5.2. Normal Hearing Speech Intelligibility

As an example of the impact of speech estimation, spectrograms from the experiments in this study have been illustrated in Figure 6 for a sample normal clean speech utterance, a mixture of clean speech and babble noise at −5 dB SNR, and the resulting speech signal synthesized using the estimated IBM. From Figure 6, it can be seen that the estimated speech (bottom of Figure 6) using the IBM bears a reasonable resemblance to the original clean speech (top of Figure 6); in particular, transient events are reasonably well preserved while harmonics are also reasonably well preserved.
Table 2 shows the STOI scores for the estimated masks for babble and SSN across a range of SNRs. It should be noted that all estimated masks performed well in terms of STOI improvement relative to the normal mixtures. The strongest-performing mask for normal speech intelligibility was the PSM+ while the least effective mask was the IRM. When averaging over the two noise types and the three SNRs, the PSM+ showed a 15.1% improvement while the IRM showed a 14.2% improvement. The FFTM performed best for babble noise while the PSM+ performed best for SSN.

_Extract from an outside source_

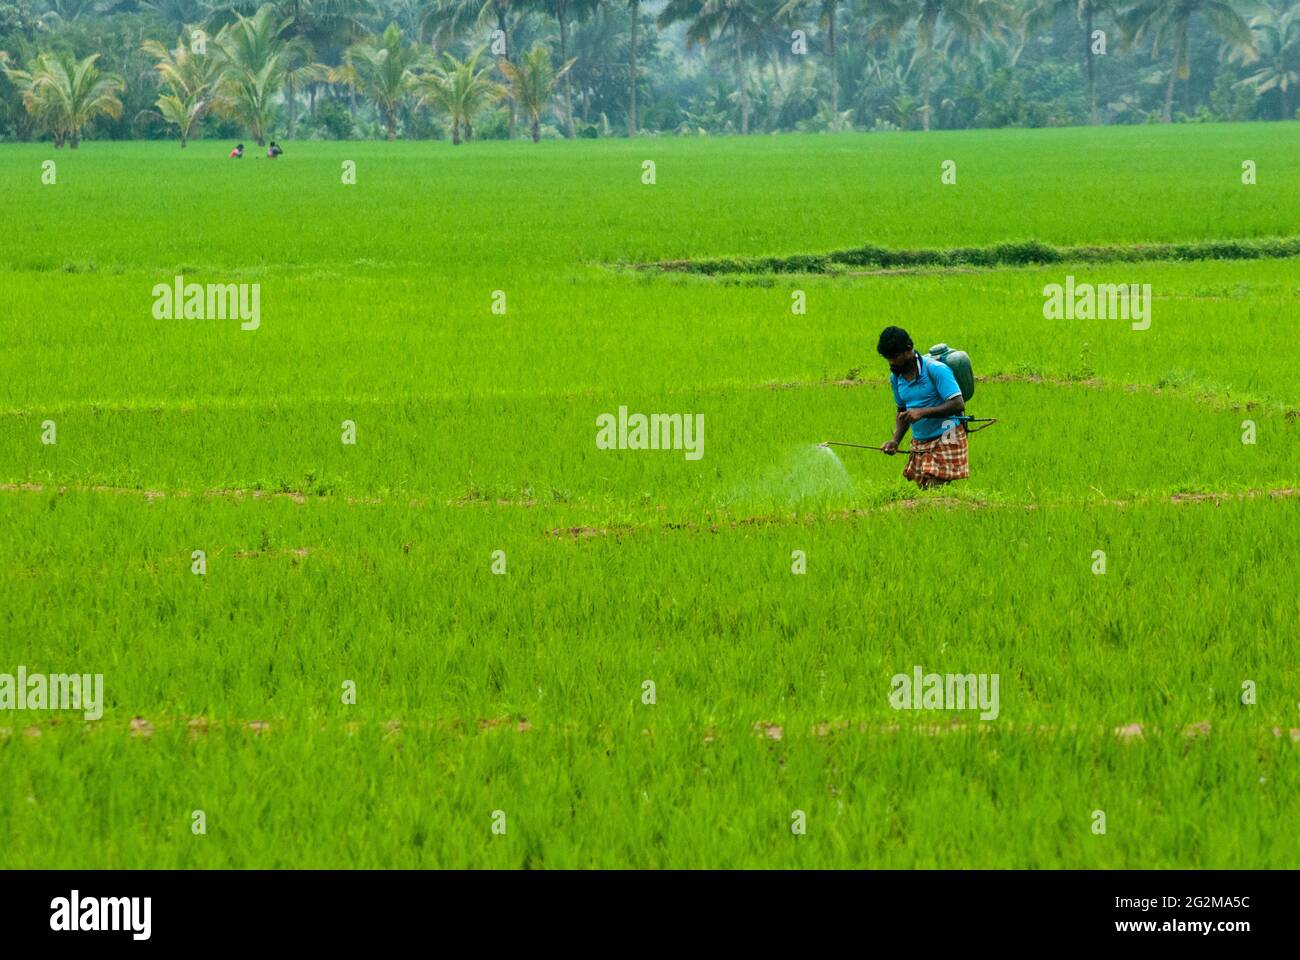 un homme vaporise un produit chimique liquide sur le champ de paddy agricole pour tuer les insectes Banque D'Images

5.3. Normal Hearing Speech Quality

Table 3 shows the PESQ scores for the estimated masks for babble and SSN across a range of SNRs. All estimated masks performed well in terms of PESQ improvement relative to the normal mixtures. The strongest performing mask for normal speech quality was the PSM+ while the least effective mask was the FFTM. When averaging over the two noise types and the three SNRs, the PSM+ showed a 27.7% improvement while the FFTM showed a 20.3% improvement. The PSM+ performed best for both babble noise and SSN and was closely followed by the QM.

5.4. Hearing-Impaired Speech Intelligibility

According to Newman and Chatterjee [64], noise-vocoded speech preserves the amplitude structure. However, it has substantially reduced spectral information. This is similar to what happens in cochlear implant signal processing. Time-domain signals from the experiments in this study for a particular clean vocoded speech utterance, a mixture of this clean vocoded speech and babble noise at −5 dB SNR, and the resulting vocoded speech signal using the estimated IBM have been illustrated in Figure 7. This was the same utterance as in Figure 6, but this time, the clean speech had been vocoded to mimic the behavior of a cochlear implant. This utterance was made up of eight words and the duration was just under three seconds. In the mixture, the clean speech was swamped by the babble noise and it would be extremely challenging for a hearing-impaired listener to discern what had been spoken. The estimated (enhanced) speech was not an exact replica of the clean speech but resembled it much more closely, and hence, there was a higher probability that the utterance could be understood.
Table 4 shows the intelligibility estimated using the NCM for the estimated masks for babble and SSN across a range of SNRs. It should be noted that all estimated masks performed well in terms of NCM improvement relative to the vocoded mixtures. The strongest performing mask for hearing-impaired speech intelligibility was the PSM+ while the least effective mask was the FFTM. When averaging over the two noise types and the three SNRs, the PSM+ showed a 27.8% improvement while the FFTM showed a 27.0% improvement. The PSM+ performed best for both babble noise and SSN and was closely followed by the QM.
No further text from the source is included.